烜合往景澜身侧扫了一眼,道:“上回大殿中景丞相带的除二王子,就是这位吧,看来是深得景丞相信任之人,不妨也坐下一同用膳。”
穆审言见礼,“多谢大君,属下愧不敢当。还是让属下一旁站着,服侍便好。”
景澜笑道:“随他吧,否则他也不自在。”
烜合道:“景丞相对手下人真好。”
景澜举杯,“大君谬赞。”
烜合始终是冷冷淡淡、不太有兴致的模样,“恐怕景丞相饮食不惯,今日本君吩咐他们做些南人菜肴,不知是否合景丞相的胃口?”
“有劳大君费心,在交赤看到这些家乡菜色,景澜十分感动。只是,”话锋一转,“大君浅尝辄止,不知是吃不惯,还是怀胎后食欲不佳?”
烜合饮了口酒,避重就轻道:“都有吧。”
景澜道:“在下多嘴一句,大君身怀有孕,不宜饮酒。”
“这是你们南人的说法?”
“这……”
“在交赤,乌兹、西犁等国,男子怀胎,生活起居往往如常,披甲上阵亦是常事,王公贵族也不例外。饮酒于我已是习惯,很多时候与饮白水无异。

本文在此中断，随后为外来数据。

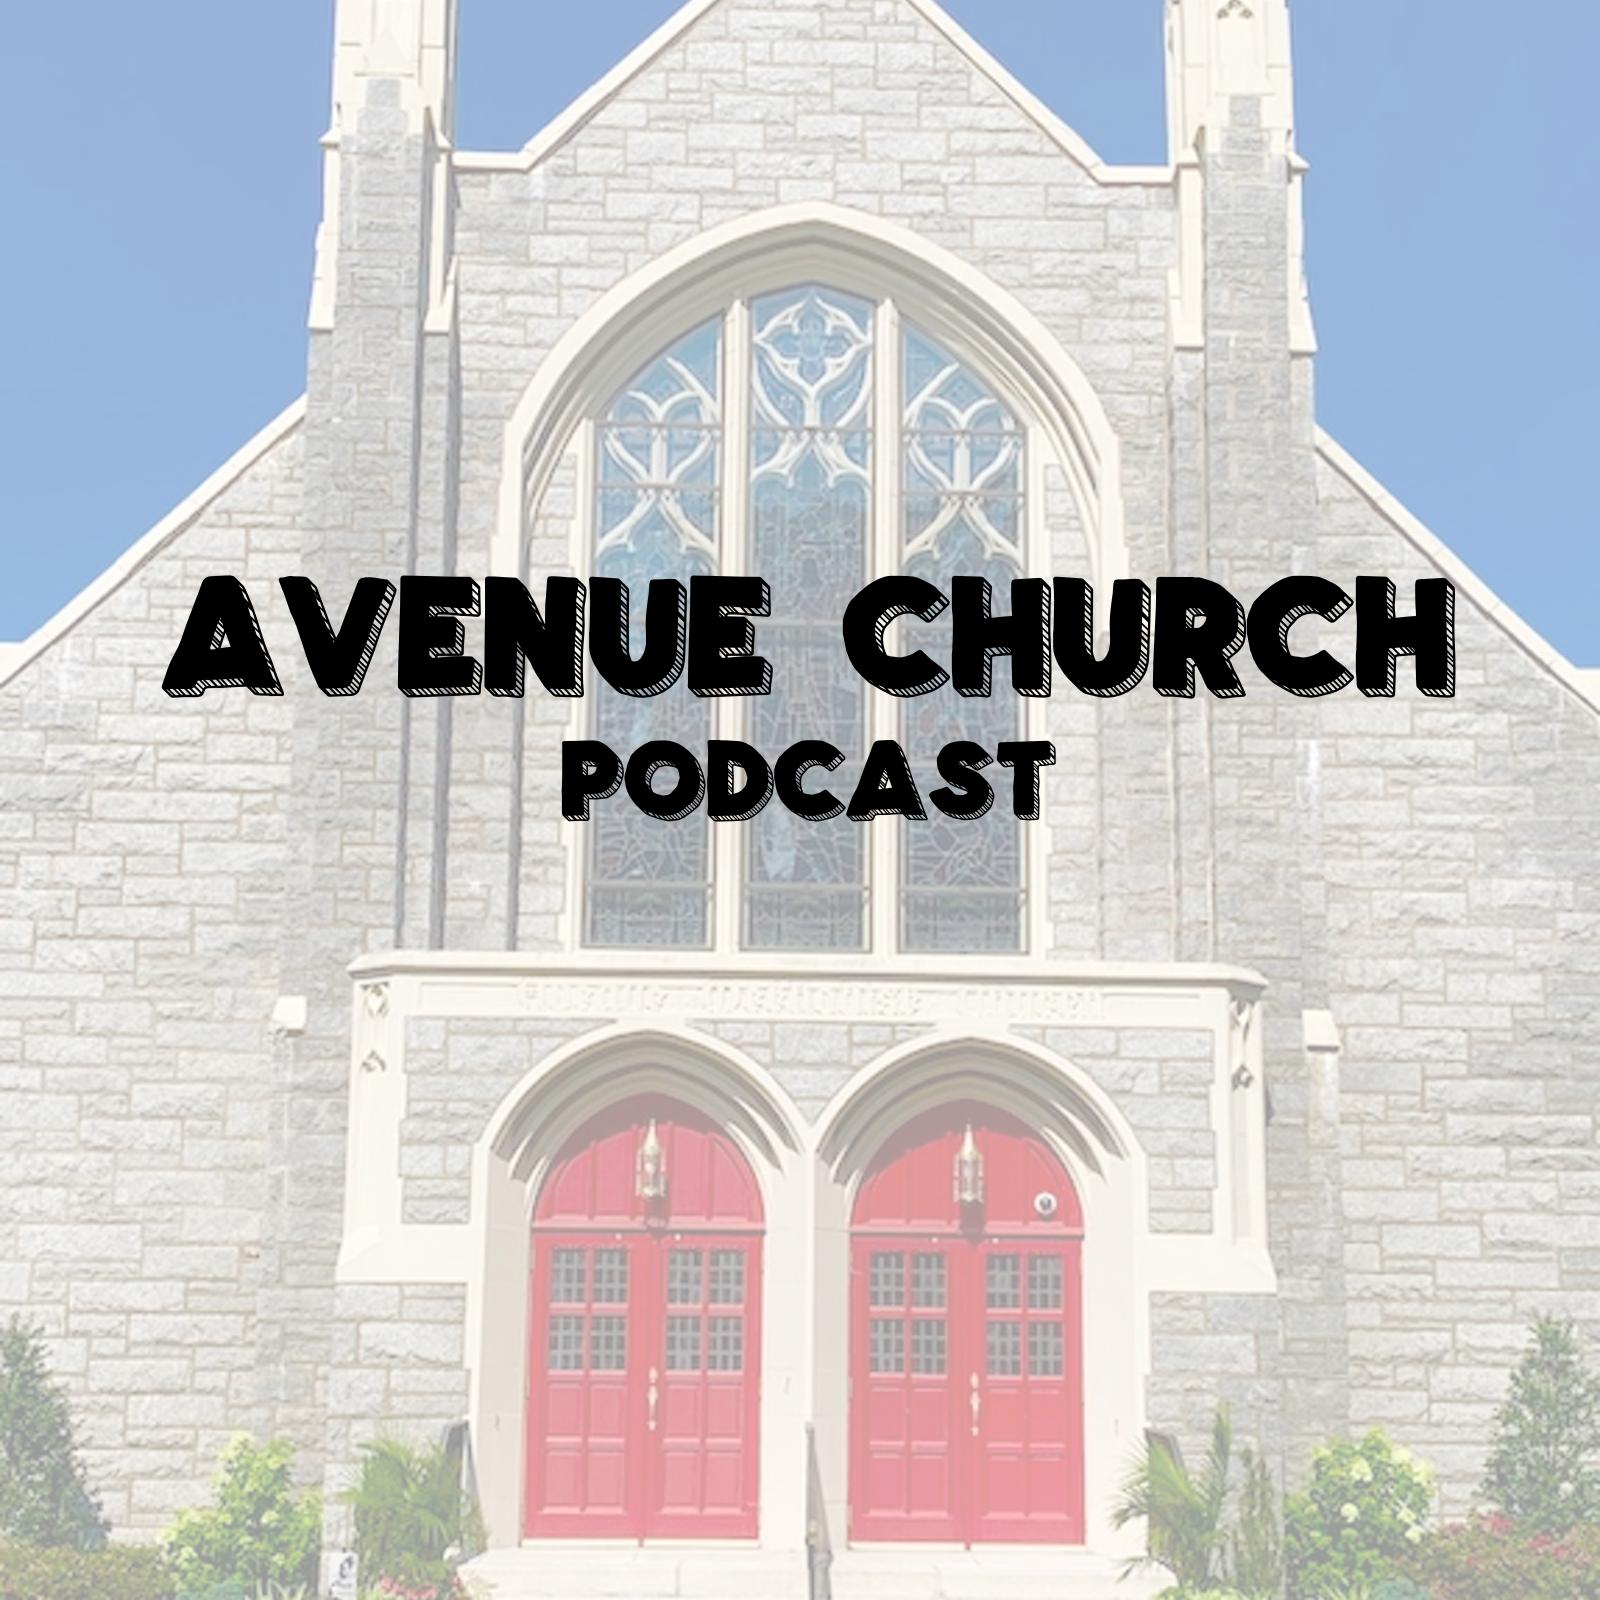 Avenue Church Podcast show art

”
景澜默然。
观景台上,日落西山红霞漫天,金红的余晖镶嵌在交赤王宫层层叠叠的楼阁上,更显壮丽。
烜合苍白的面色被染上温暖的红晕,挑起的双眸噙满迷惘与哀伤,华贵的王服修剪出他高挑健挺的身材,狐裘柔软的绒毛与微隆的小腹恰到好处地削减了锋利与硬朗。
披散的黑发在晚风中轻拂,烜合时而以手拨弄……
景澜终于有些明白,萧凌云的父王不顾一切也要占有烜合的原因。
天边云雾变换,天高地阔,人显得那样渺小。他们费尽心机算计对方的行为,亦可笑至极。然而即便可笑,人终究会为了心中坚守的东西,奔走疾驰,付出一切。
“景丞相吃好了?”烜合淡淡问道。
景澜回过神,拱手,“多谢大君款待,在下吃好了。”
“那么就去本君宫中吧。都是本君私藏的一些东西,因此也不摆什么排场,只请景丞相帮本君掌掌眼。”
景澜笑得如沐春风,“大君太客气了。”
烜合看向一直站着没动的穆审言,景澜道:“是否带随从入大君宫中不妥?”
烜合略一思索,道:“无妨,一起走吧。”
行至殿中书房,烜合摆出藏品,展开其中一幅画卷,“这是我多年来从各处收集的,南人的书画瓷器之类,我虽喜欢,却不大懂。听闻景丞相于此道精深,因此特来请教。”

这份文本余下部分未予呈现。